• [Excerpted data]

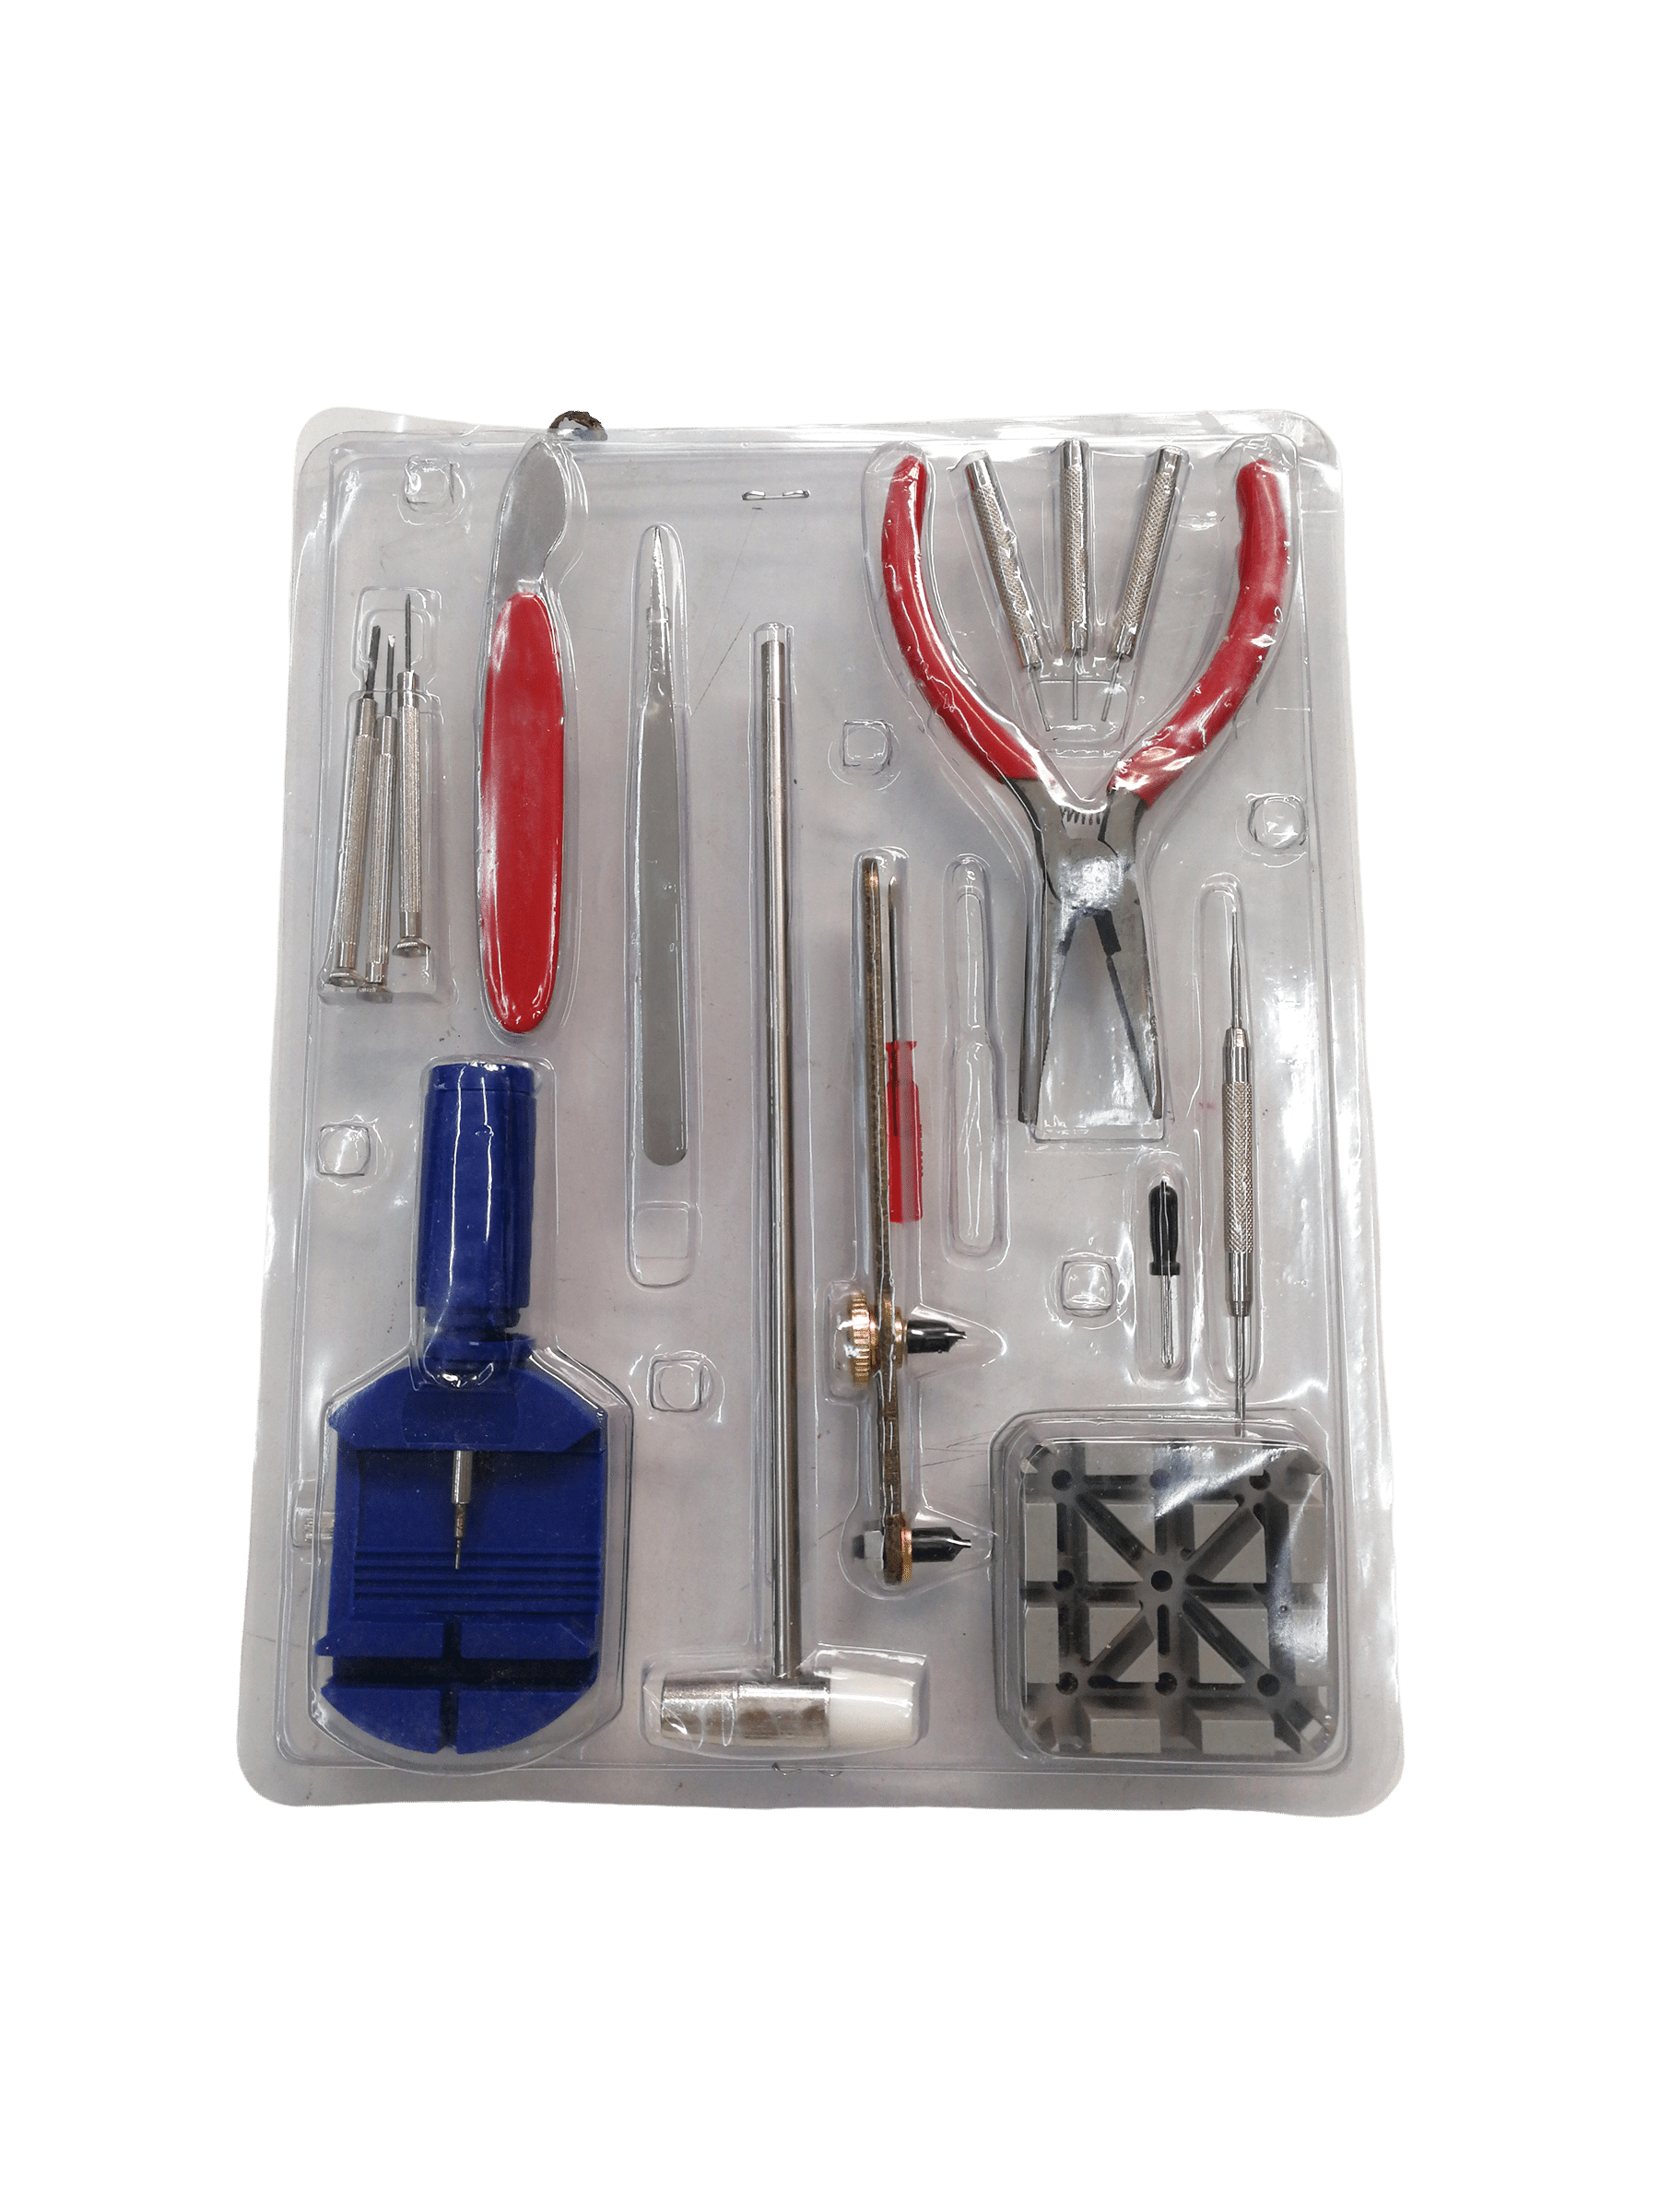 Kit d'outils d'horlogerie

...

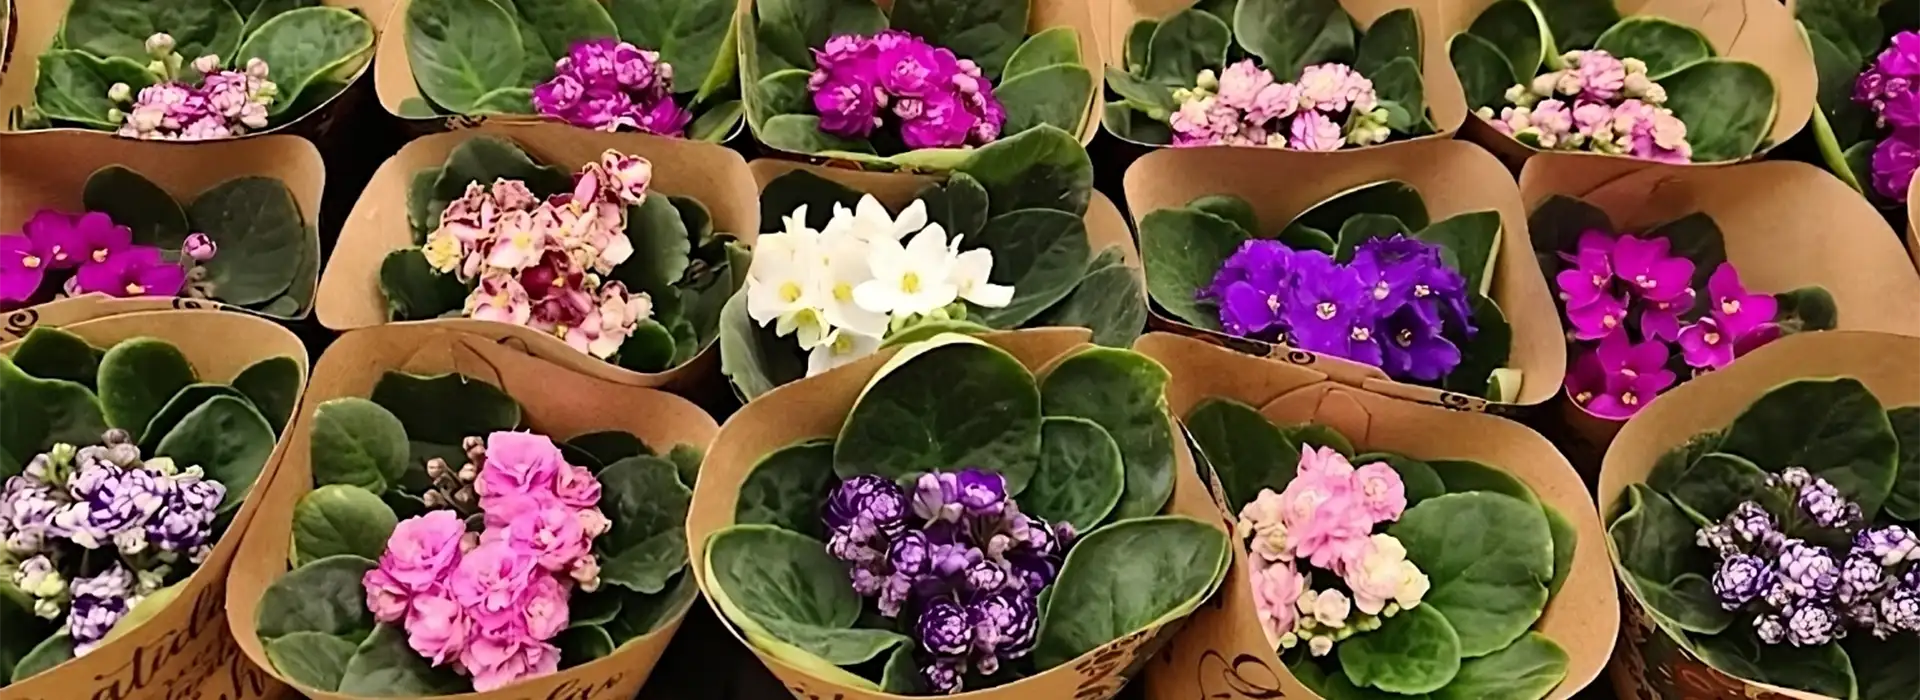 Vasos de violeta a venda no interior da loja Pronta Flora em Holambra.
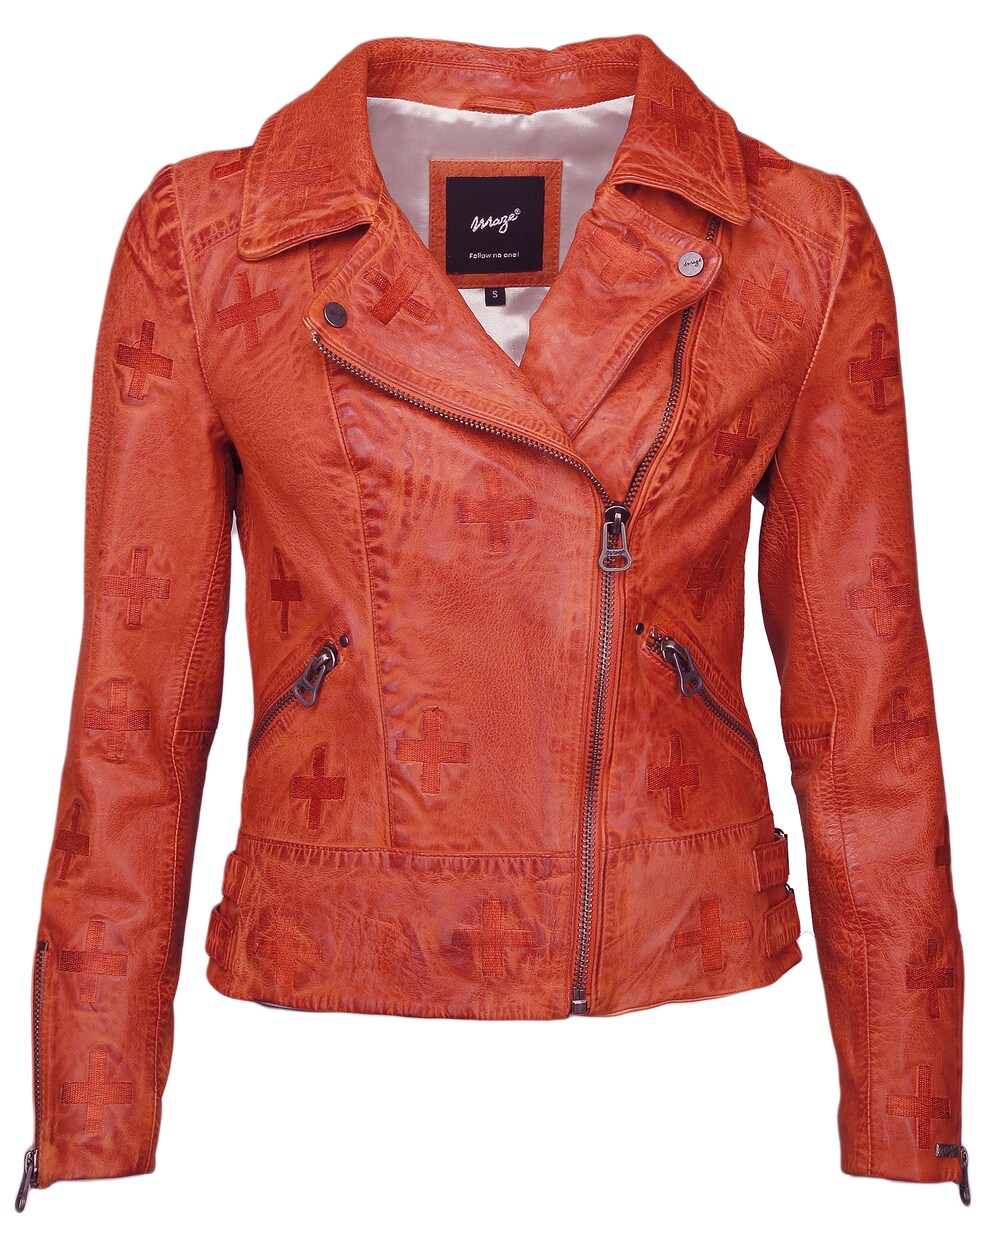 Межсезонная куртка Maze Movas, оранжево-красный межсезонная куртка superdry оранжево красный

• [Problem details] Go back to the listing above and write out the lines starting at the one with "Vasos de violeta" and ending at the one with "Межсезонная куртка Maze", inclusive, exactly and without pictures.

• [Answer for this exercise]
 Vasos de violeta a venda no interior da loja Pronta Flora em Holambra.
 Межсезонная куртка Maze Movas, оранжево-красный межсезонная куртка superdry оранжево красный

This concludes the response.